Claude calls the Actor, gets back the computed metrics (engagement rate, trend, paywall ratio, cadence), and does the ranking for you. No CSV exports, no manual math.

***

### How Engagement Rate Works

Raw reaction counts don't tell you much on their own. A newsletter with 50K subscribers getting 400 reactions is performing worse than a newsletter with 5K subscribers getting 200 reactions.

Engagement rate = `avg_reactions / subscriber_count × 100`

This Actor computes it automatically. Industry ballpark: >0.1% is solid, >0.3% is strong, >0.5% is exceptional.

***

### Notes

- **Paid post content**: Substack enforces the paywall server-side. Paid posts return `content_available: false` and `body_text: null`. Free post content is fully extracted.
- **Subscriber count**: Extracted from the newsletter homepage where visible. Some newsletters hide this; those will return `subscriber_count: null` and `engagement_rate: null`.
- **Custom domains**: Works with plain subdomains (`platformer`), full Substack URLs (`https://platformer.substack.com`), or custom domains that resolve to Substack.
- **Rate limiting**: Default 1s delay between newsletters. Increase `delayMs` to 2000–3000 for large batches.
- **Proxy**: Requests route through Apify's automatic datacenter proxy by default, which is fast and reliable for Substack's HTTP API. A fresh IP is used per newsletter, and any request that fails through the proxy automatically retries on a direct connection, so one bad IP never drops a newsletter. Switch to Residential in `proxyConfiguration` only if you run into blocks.

***

### Tech

Python 3.11 · requests · No browser / Playwright required · HTTP-only for fast execution

***

Built by [Build to Launch](https://buildtolaunch.ai). AI systems for one-person businesses.

# Actor input Schema

## `newsletterUrls` (type: `array`):

Substack newsletter URLs or subdomains to research. Accepts full URLs (https://platformer.substack.com) or plain subdomains (platformer).
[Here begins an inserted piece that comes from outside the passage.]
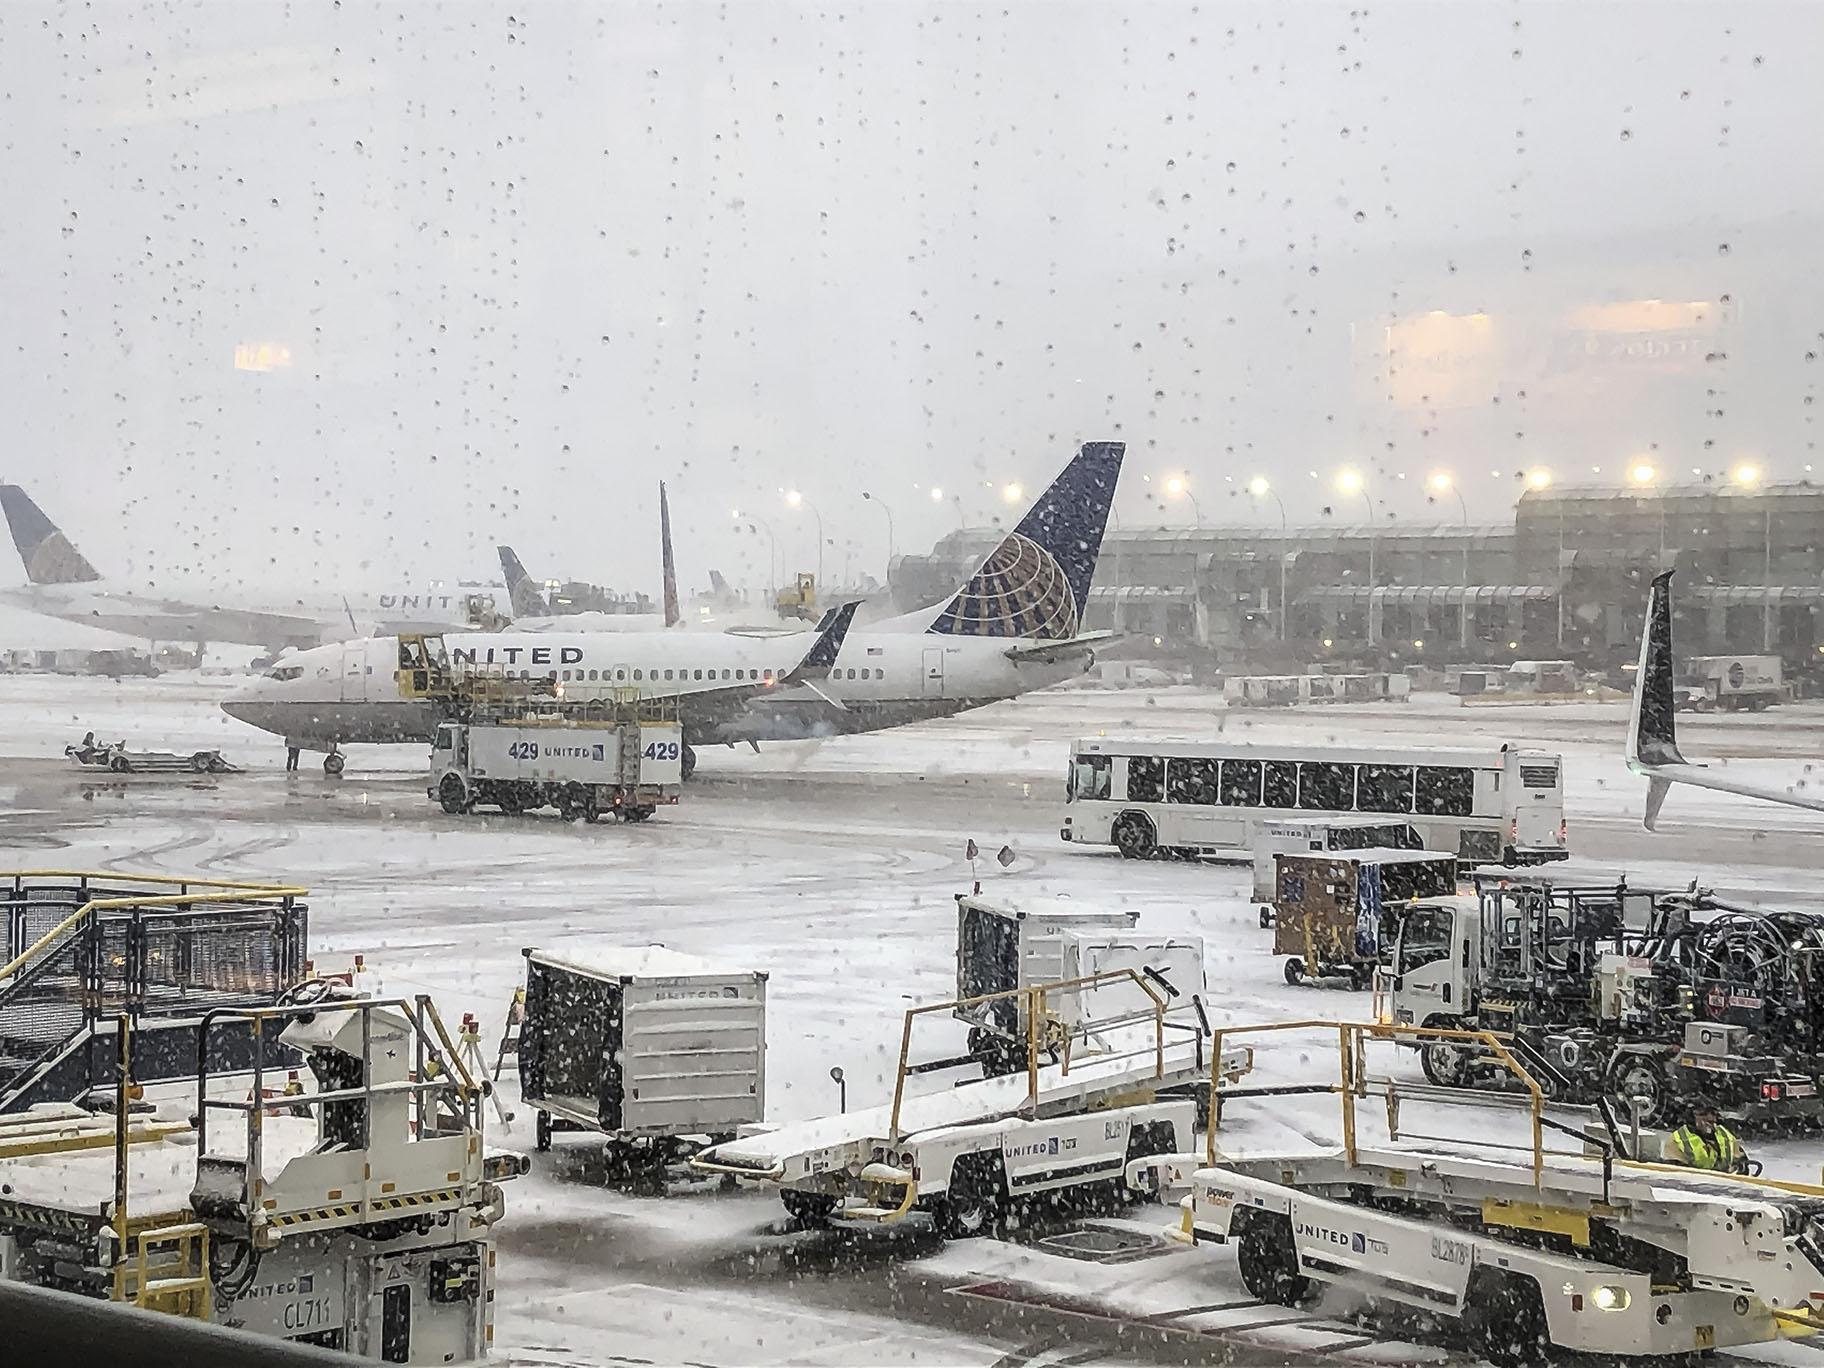 Snow falls on the United Terminal at O’Hare Airport in Chicago on Monday morning, Nov. 11, 2019. (Daryl Van Schouwen / Chicago Sun-Times via AP)

## `outputMode` (type: `string`):

analytics — one row per newsletter with engagement metrics and creator signals. posts — one row per article with full content. full — both: a summary row followed by article rows for each newsletter.

## `maxPostsPerNewsletter` (type: `integer`):

How many recent posts to pull per newsletter. In analytics mode this drives the engagement averages. In posts/full mode each post becomes one output row.

## `bodyFormat` (type: `string`):

Format for article body when outputMode is posts or full. text is clean plain text (best for NLP/LLMs). html is raw Substack HTML. both includes text and html fields.

## `delayMs` (type: `integer`):

Milliseconds to wait between processing newsletters. Increase if you encounter rate limiting.

## `proxyConfiguration` (type: `object`):

Apify's automatic (datacenter) proxy is the default: fast and reliable for Substack's HTTP API. Switch to Residential here only if you hit blocks. Requests fall back to a direct connection if the proxy fails.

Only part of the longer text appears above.